Neste cenário aprazível de uma tarde de verão, começou um tititi entre as crianças. Eu não estava presente então estou recontando em terceira mão o ocorrido.

Num dado momento da brincadeira vem à tona, talvez precocemente, a conversa de quem acha quem bonito. É engraçado porque me lembro de nesta idade começar a ter algum interesse pelos meninos mas ainda de forma bastante ingênua. Beijos (numa rodinha de verdade ou consequência) e  insinuações surgiram por volta dos 10 anos.Resultado de imagem para meninos e meninas brincando 8 anosMiguel revela ao grupo de amigos, composto por três meninas e um menino (fora ele) que achava uma das meninas da roda bonita. A irmã dela o puxa pelo braço e leva para outra área e, à distância, o pai testemunha um ir e vir frenético entre a patota. É o frenesi da descoberta, da identificação com o grupo e da diferenciação entre meninos e meninas.

O que rolou não sabemos ao certo. A pergunta feita foi sobre sua eleita de até então, teria sido esquecida? Substituída? Uma nova paixão? Mas ele desconversou, entre risinhos tímidos e envergonhados. Uma coisa é uma coisa, outra coisa é outra coisa...

Será que houve alguma troca de afeição? Espero que não, que eles se permitam viver a ingenuidade da infância de forma plena, porque uma vez maculados não há volta, o véu do mundo se abre e o caminho de volta é lacrado, é daí pra frente. 

É uma delícia vê-los experimentando a vida. Para nós pais, espectadores, só nos resta apoiar e orientar, e aceitar que aquele bebezinho está, há muito, caminhando com as próprias pernas.

quarta-feira, 15 de fevereiro de 2017

Sem reservas

Sentados vendo um filme romântico na TV Miguel sempre se acanha hora dos beijos. Claro que aproveitamos para emitir o tradicional "awwww" nestas cenas deixando-o ainda mais envergonhado.

Ele estava deitado em meu colo enquanto aquela história boba se desenrolava, até que o mocinho (ou ainda se fala galã?) beija a mocinha (ou seria heroína?). 

Então eu olho para ele e sem pestanejar digo: 

- AWWWWWW!

- Ah, para mamãe.  

- Ora, por que? Eu adoro beijar. 

- Por que?

- É o jeito que a gente de dizer que gosta de alguém, é gostoso. - Enquanto eu falava percebi sua movimentação, uma certa inquietude na pélvis. - O que está acontecendo aí, meu filho?

Ele começa a rir sem , e sem reservas me dá uma resposta.

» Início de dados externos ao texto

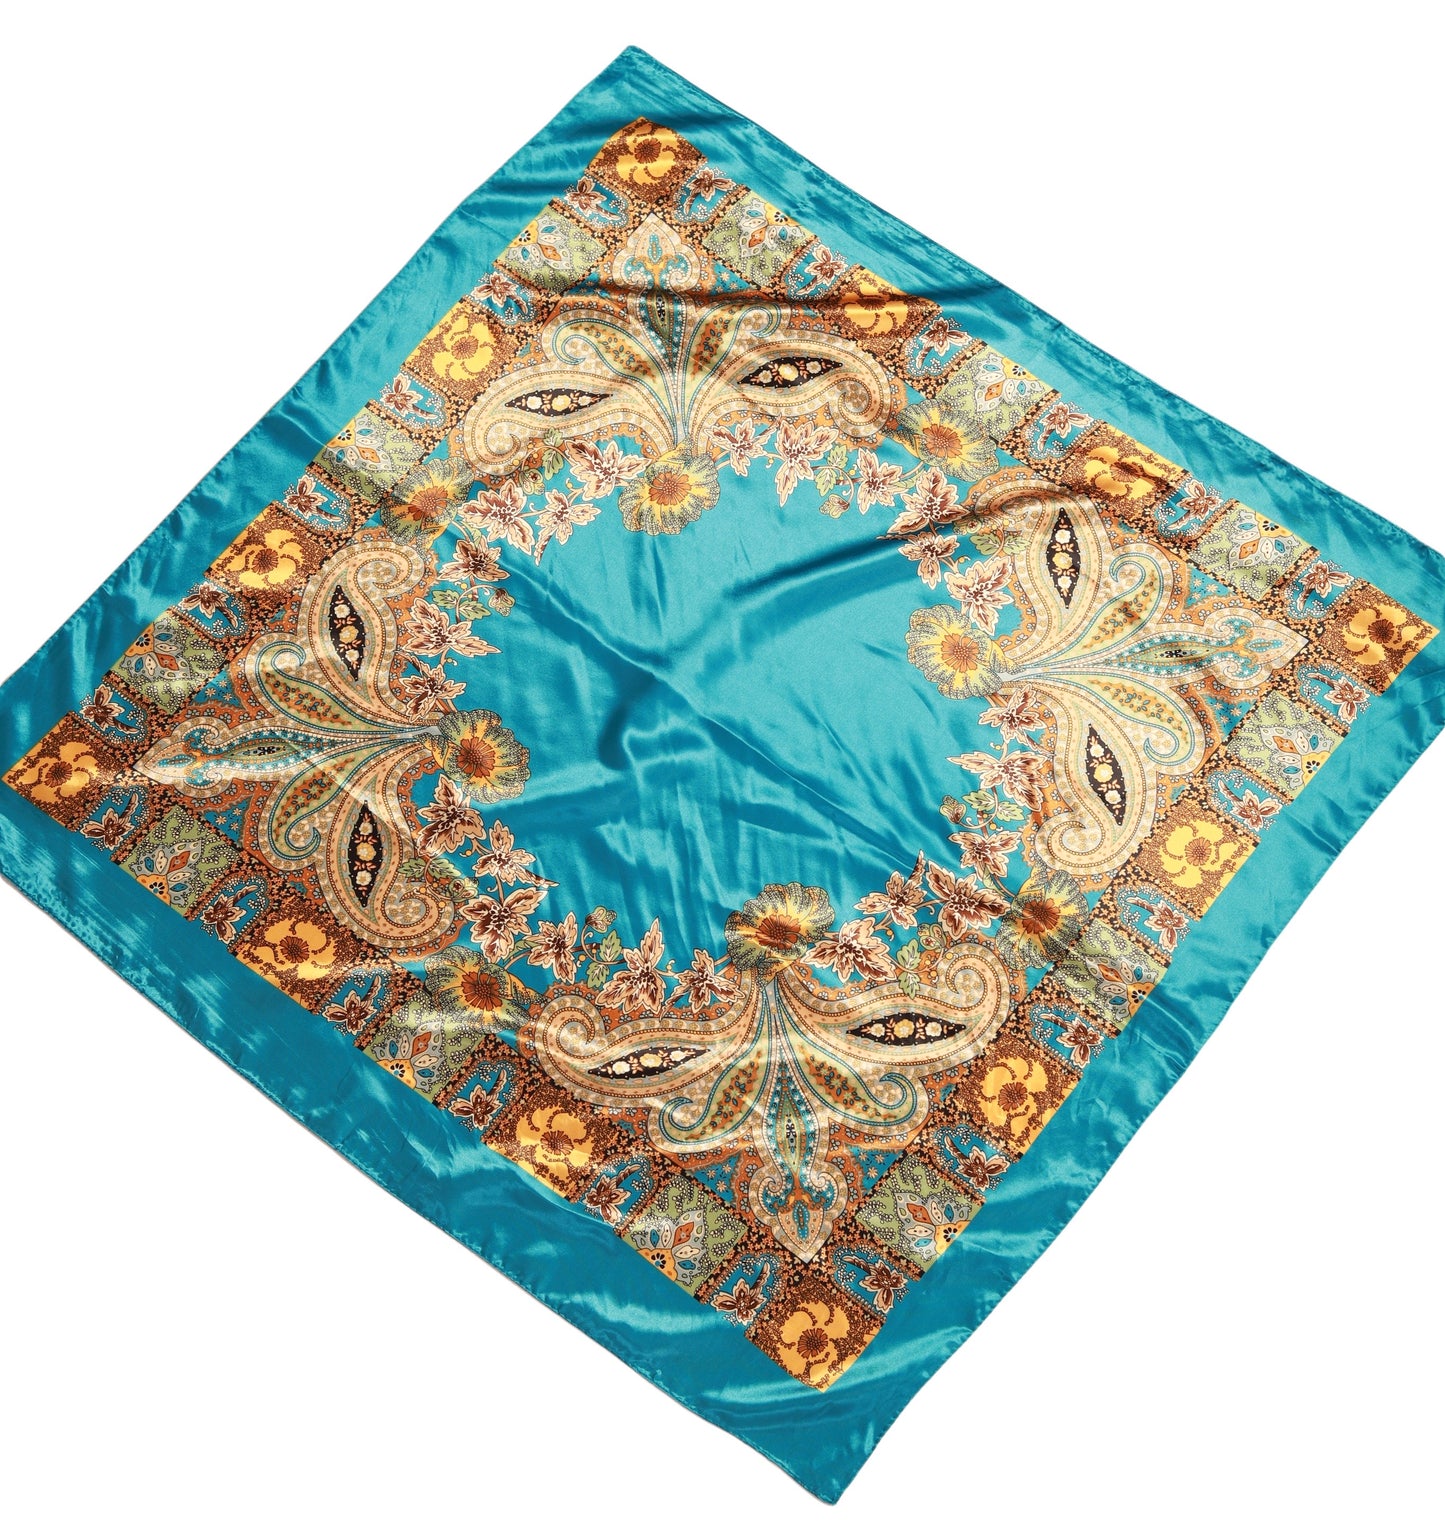 Turquoise Based Paisley Silky Scarf

- Ah eu sei lá. Às vezes quando eu vejo beijo assim meu pinto fica duro, acontece alguma coisa.

A mãe ri e fica com cara de tacho, ainda ponderando se teria sido o beijo ou a Catherine Zeta-Jones?

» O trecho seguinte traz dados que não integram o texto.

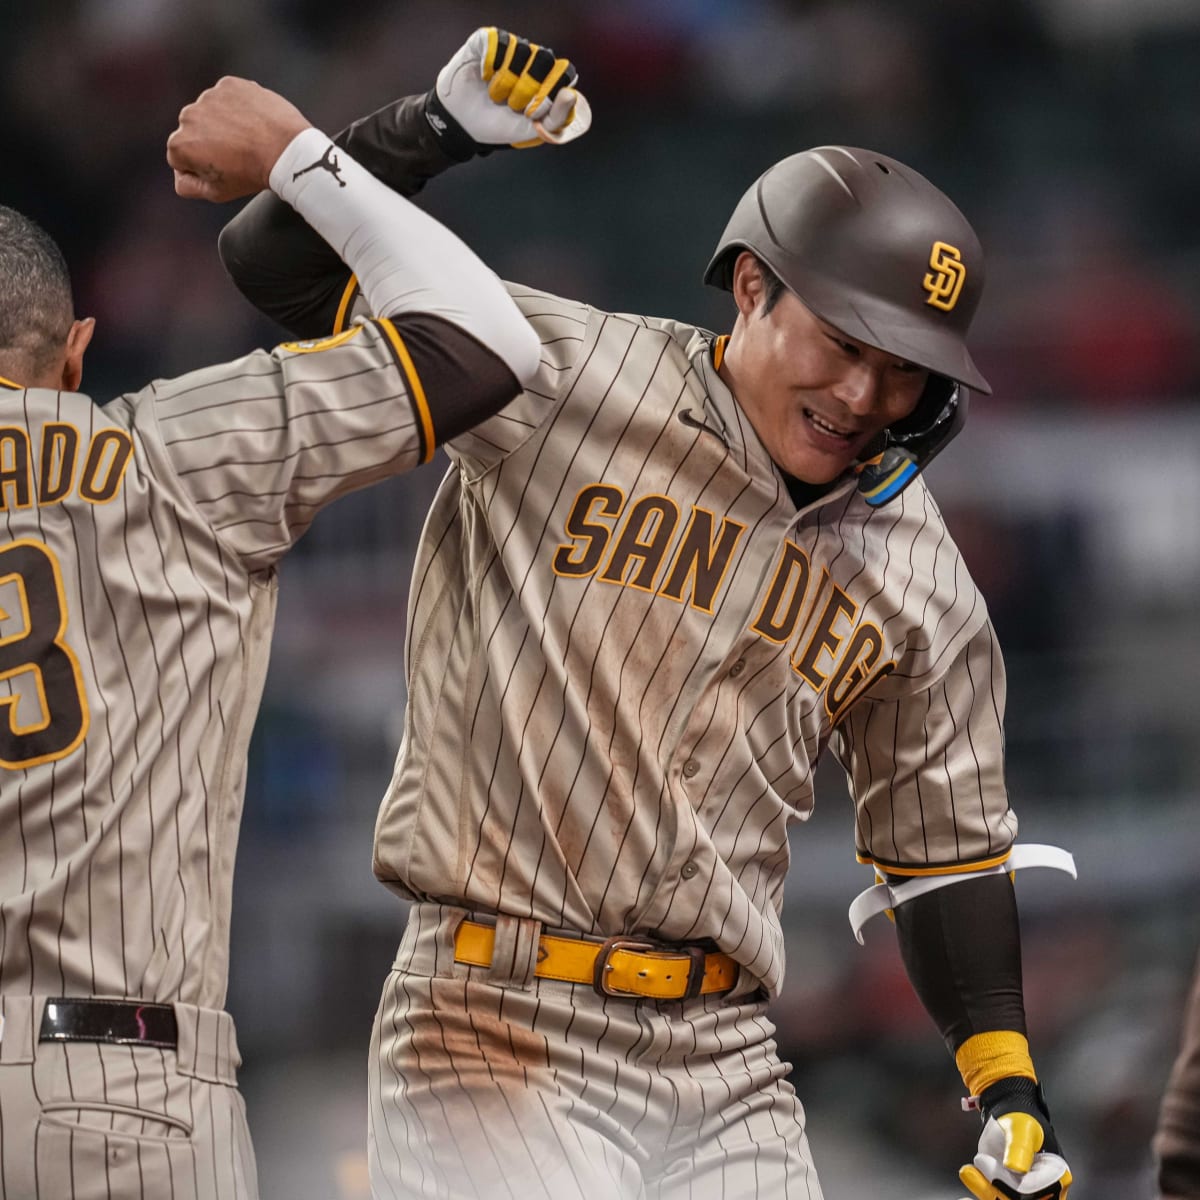 Padres News: Newest Power Rankings Place Friars Just Behind 1st Place -  Sports Illustrated Inside The Padres News, Analysis and More

Seja lá o que for, meu filho está crescendo, literalmente!



segunda-feira, 13 de fevereiro de 2017

O Coração de Botafoguense


Miguel: - Papai, eu achava que o coração parava de bater quando a gente deitava pra dormir, e voltava a bater quando a gente acordava no dia seguinte. 

Pai:  - Faz todo o sentido, meu filho. Afinal, nosso coração também precisa de descanso, sobretudo os que sofrem de amor não correspondido e maltratados pelo time do coração (que o digam os botafoguenses após o jogo de ontem, né?).

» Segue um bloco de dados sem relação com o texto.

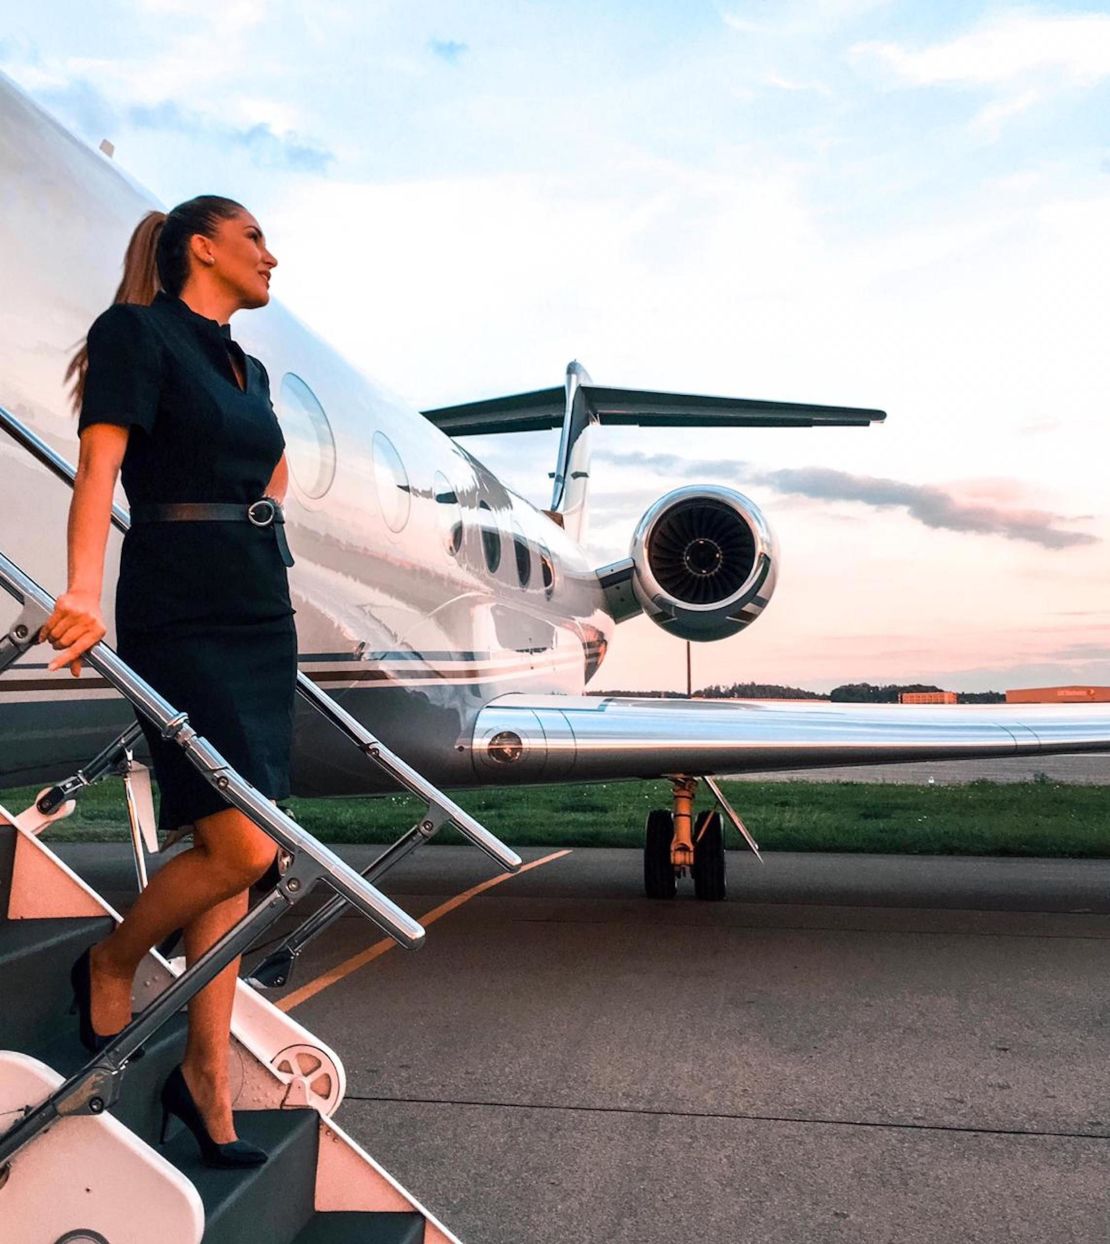 This high-flying handbag shaped like a jet costs more than an

quinta-feira, 2 de fevereiro de 2017

O primeiro dia de novo

Primeiro dia numa escola nova. 


Depois de receber a notícias da mudança com lágrimas nos olhos (ele está aprendendo a lidar com mudanças, esta é a lição que ele tem nesta vida), Miguel se resignou e aceitou os prós e contras da decisão. 

Ouviu alguns amigos, conhecidos e familiares que também frequentaram escola pública. Pesou os benefícios que teria, entre eles, atividades extras que combinamos que ele poderia fazer.

Acordou cedo - como se não bastasse a troca de escola, o horário também é novidade -, se aprontou rapidamente e bem disposto, me atrevo dizer que ele estava animado. 

Seguimos no caminho, mas não sem antes registrar o momento com descontração. Foto na posição do Bolt, e vamos em frente. 

Chegou ao prédio subindo as escadas aos saltos. Seria entusiamo? Seria medo? Seja lá o que foi, ele encarou de frente, cabeça erguida e ombros para trás.

No portão nos informaram que a professora dele está em capacitação (isso é bom, né?) e a turma iniciaria apenas na segunda. 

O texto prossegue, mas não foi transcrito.